The Protein Man's Blog | A Discussion of Protein Research

Fluorescent vs. Scanning Electron Microscopy

Posted by The Protein Man on Jun 30, 2021 3:30:00 PM
The Protein Man


How does fluorescent microscopy differ from scanning electron microscopy, and how do you know which technique to use for a specific application? Here is some basic information that can help you make a more informed decision.

Fluorescent Microscopy

Fluorescent microscopy is an imaging technique used to visualize specific features of biological specimens (i.e., microbes, cells, cellular components, etc.) at small concentrations with a good signal-to-background ratio.

In fluorescent microscopy, the sample is stained with a fluorescent dye (fluorophore) prior to imaging. As the test sample is illuminated through the lens of the microscope using a higher energy source (xenon lamp or mercury arc lamp), the fluorophores absorb the energy and emit it as a weak light with a longer wavelength as they return to their normal energy level. A magnified view of the target sample can then be observed as the emission filter separates the background fluorescence from the reflected light.

Fluorescence microscopy is mostly used for imaging cellular structures and genetic materials within the cell, as well as for viewing specific cells in a larger population (with techniques such as FISH) and checking cell viability studies on cell populations.

Despite its advantages, this technique has several limitations.

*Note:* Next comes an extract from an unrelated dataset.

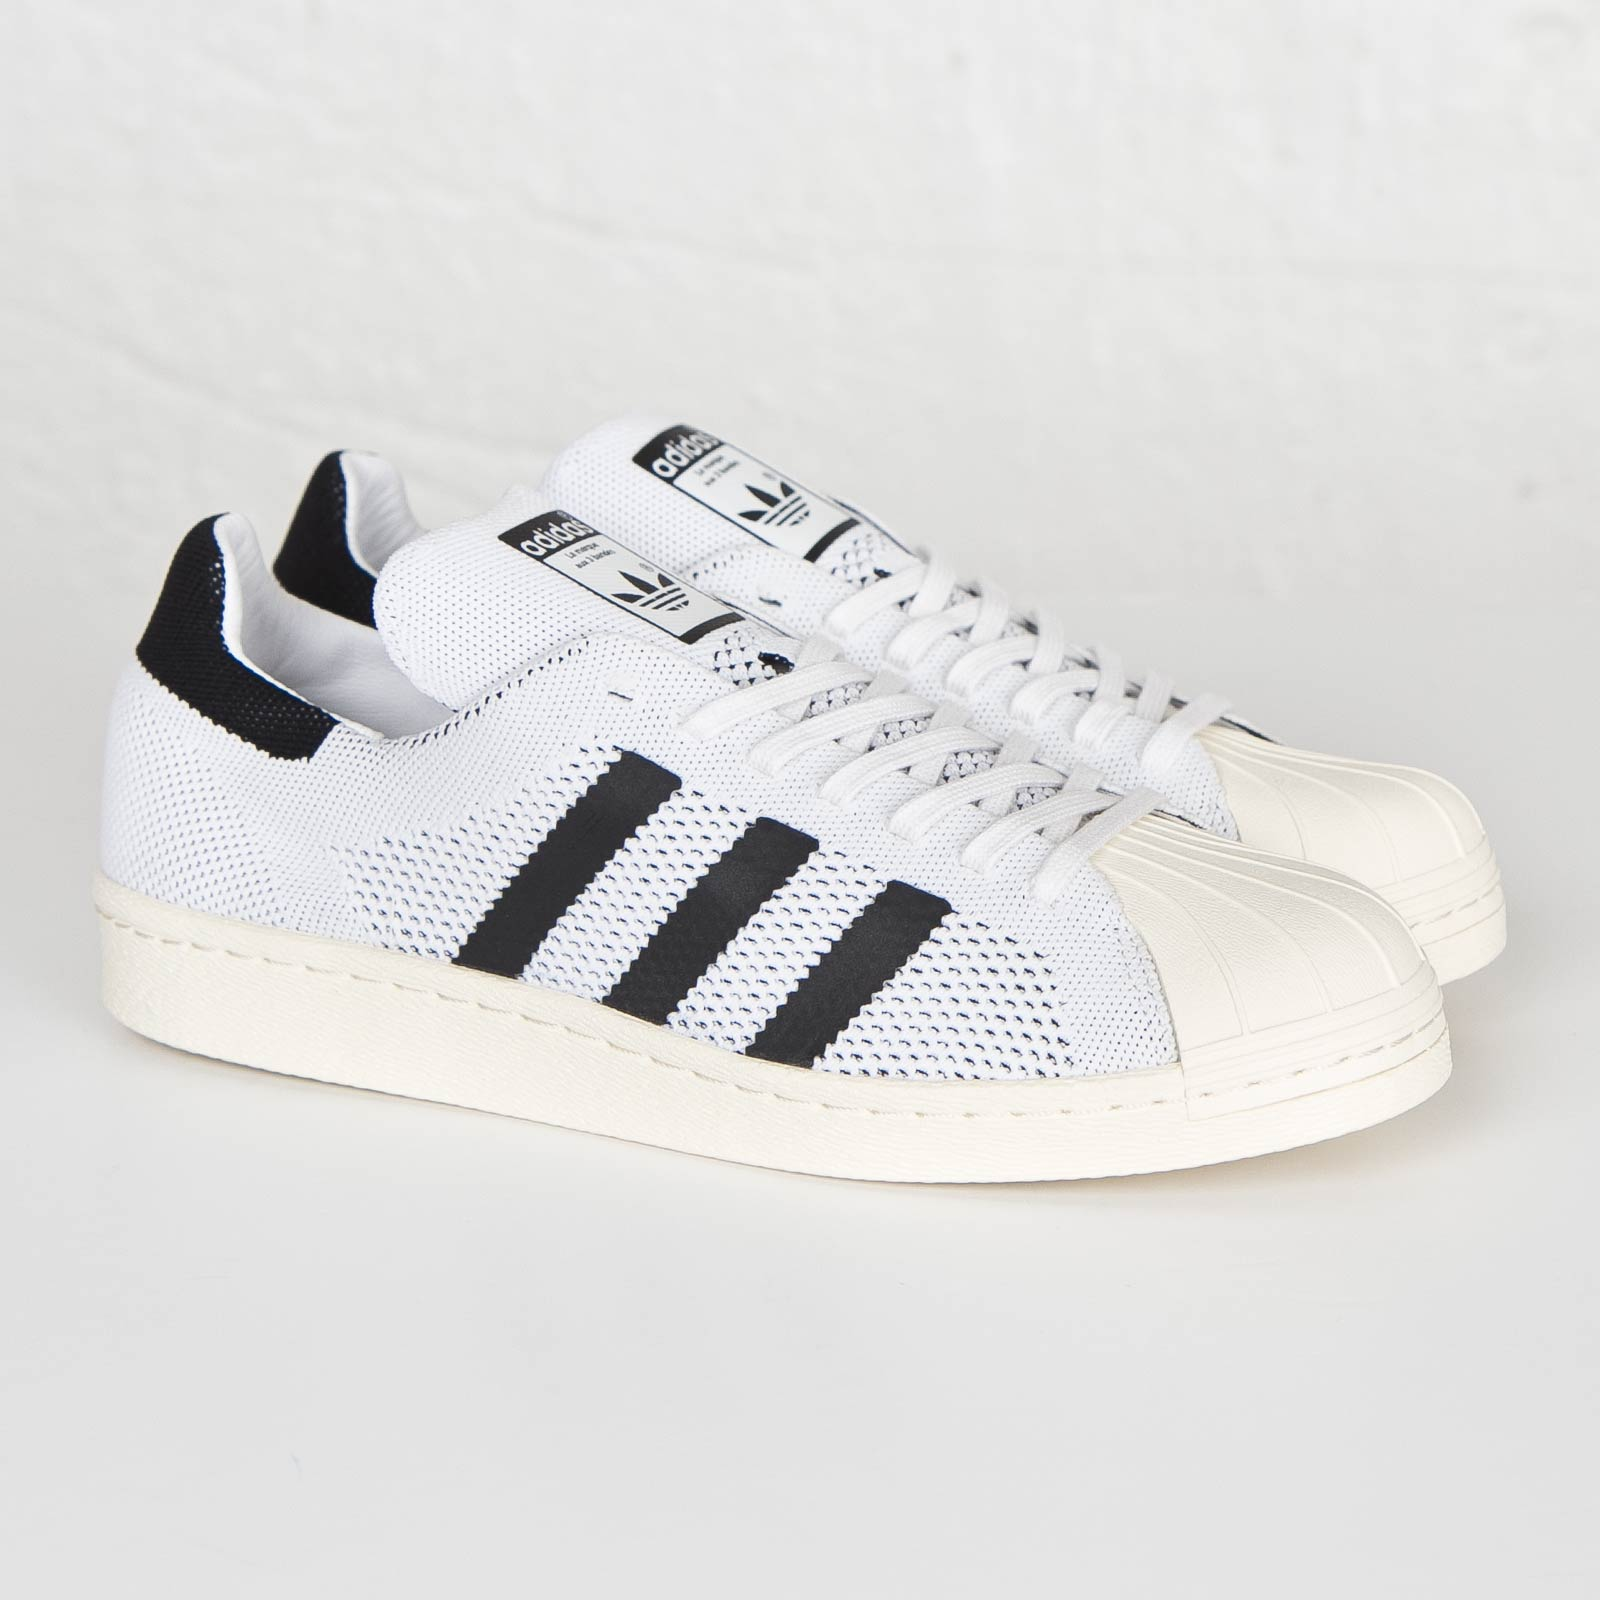 cheap for discount 73901 70971 adidas Superstar 80s Primeknit
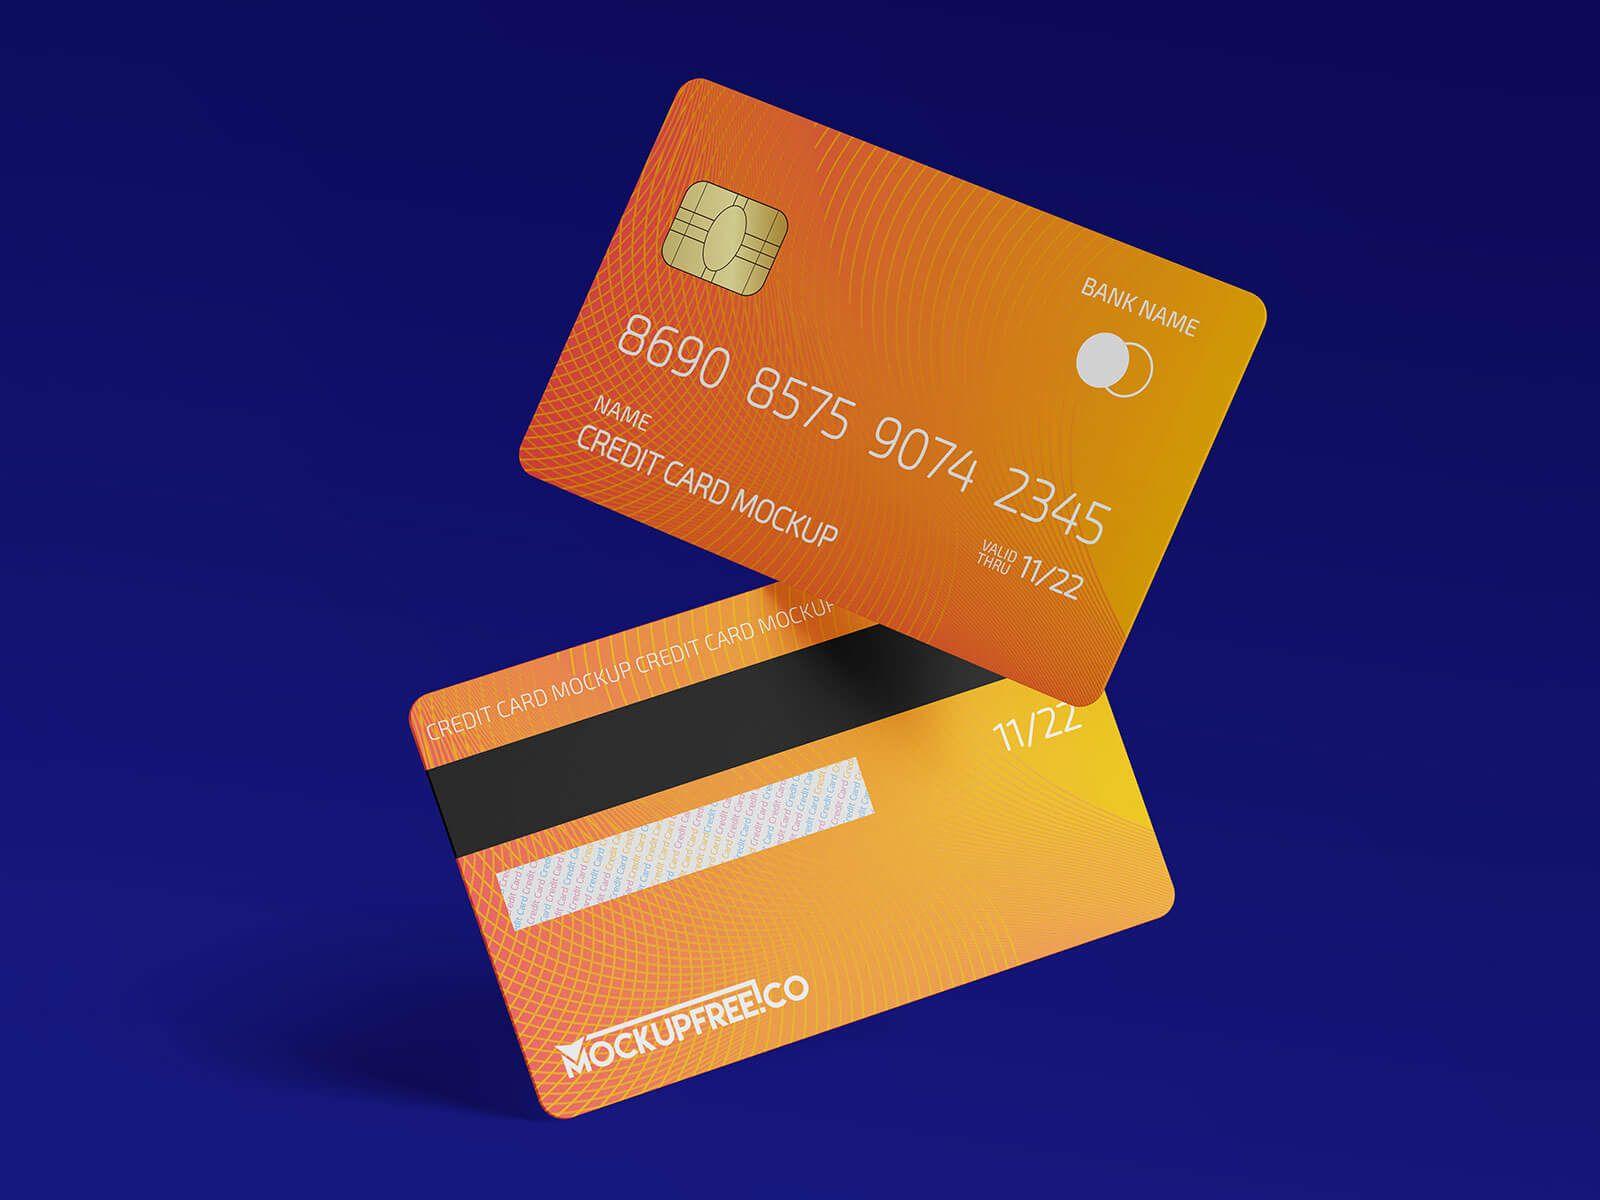 Free Plastic Credit Debit Bank Card Mockup Psd Set Good Mockups Business Cards Mockup Psd Bank Card Business Card Mock Up

  • Due to its large size, the fluorophore tag might interfere with the metabolic pathway under investigation.
  • The excitation light may adversely affect the viability of live tissues.
  • In its excited state, the fluorophore may react with oxygen and produce free radicals.
  • The fluorophore may fail to fluoresce when it undergoes covalent modification while in the excited state (photobleaching).

Scanning Electron Microscopy

Prior to imaging, the samples are stained (either through shadow casting or negative staining) and sectioned by microtome, if necessary. Special preparations (i.e., coating non-conducting specimen with electrically conducting materials, impregnating biological samples with osmium to increase bulk conductivity, embedding samples in a resin, chemical fixation or cryofixation of biological samples, and freeze-fracturing of lipid membranes and their proteins) may also be needed to increase their stability and electrical conductivity.

Instead of using visible light for illumination, a scanning electron microscope (SEM) scans the surface of the sample with a focused beam of electrons in a raster pattern to produce extremely detailed three-dimensional images of the sample.

The interaction between these electrons and the atoms in the sample produce signals (e.g., transmitted electrons, elastically and inelastically scattered electrons, back-scattered electrons, secondary electrons, x-rays, and visible light) that contain information about the composition, morphology, and surface topography of the sample.

In conventional SEM, samples are observed in high vacuum while in variable pressure or environmental SEM, imaging can be done in low vacuum or wet conditions and at a wide range of temperatures.

SEM offers several advantages, which include the following:

  • SEM samples require minimal preparations prior to imaging.
  • It provides better resolution (as low as 10 nanometers) and can magnify the image of the sample up to two million times its original size.
  • It allows for faster imaging and can complete SEI, BSE, and EDS analyses in under five minutes.
  • SEM has a wide range of applications and can be used for studying subcellular structures, cell metabolism, and intracellular pathogens and viruses.
  • With the proper training and technology, SEMs are easy to operate.

As for its limitations, SEMs can be expensive and can require specialized storage and housing conditions. Ideally, these instruments must be kept in an area with no electric, magnetic, or vibration interference and should be well-maintained at all times. Moreover, SEMs cannot detect very light elements, especially those with atomic numbers less than 11.

Additionally, special training is needed in preparing the samples, operating the equipment, and interpreting the resulting data. Operators and researchers should also observe the safety protocols at all times since there is a small risk of radiation exposure from the scattering of the electrons beneath the sample surface.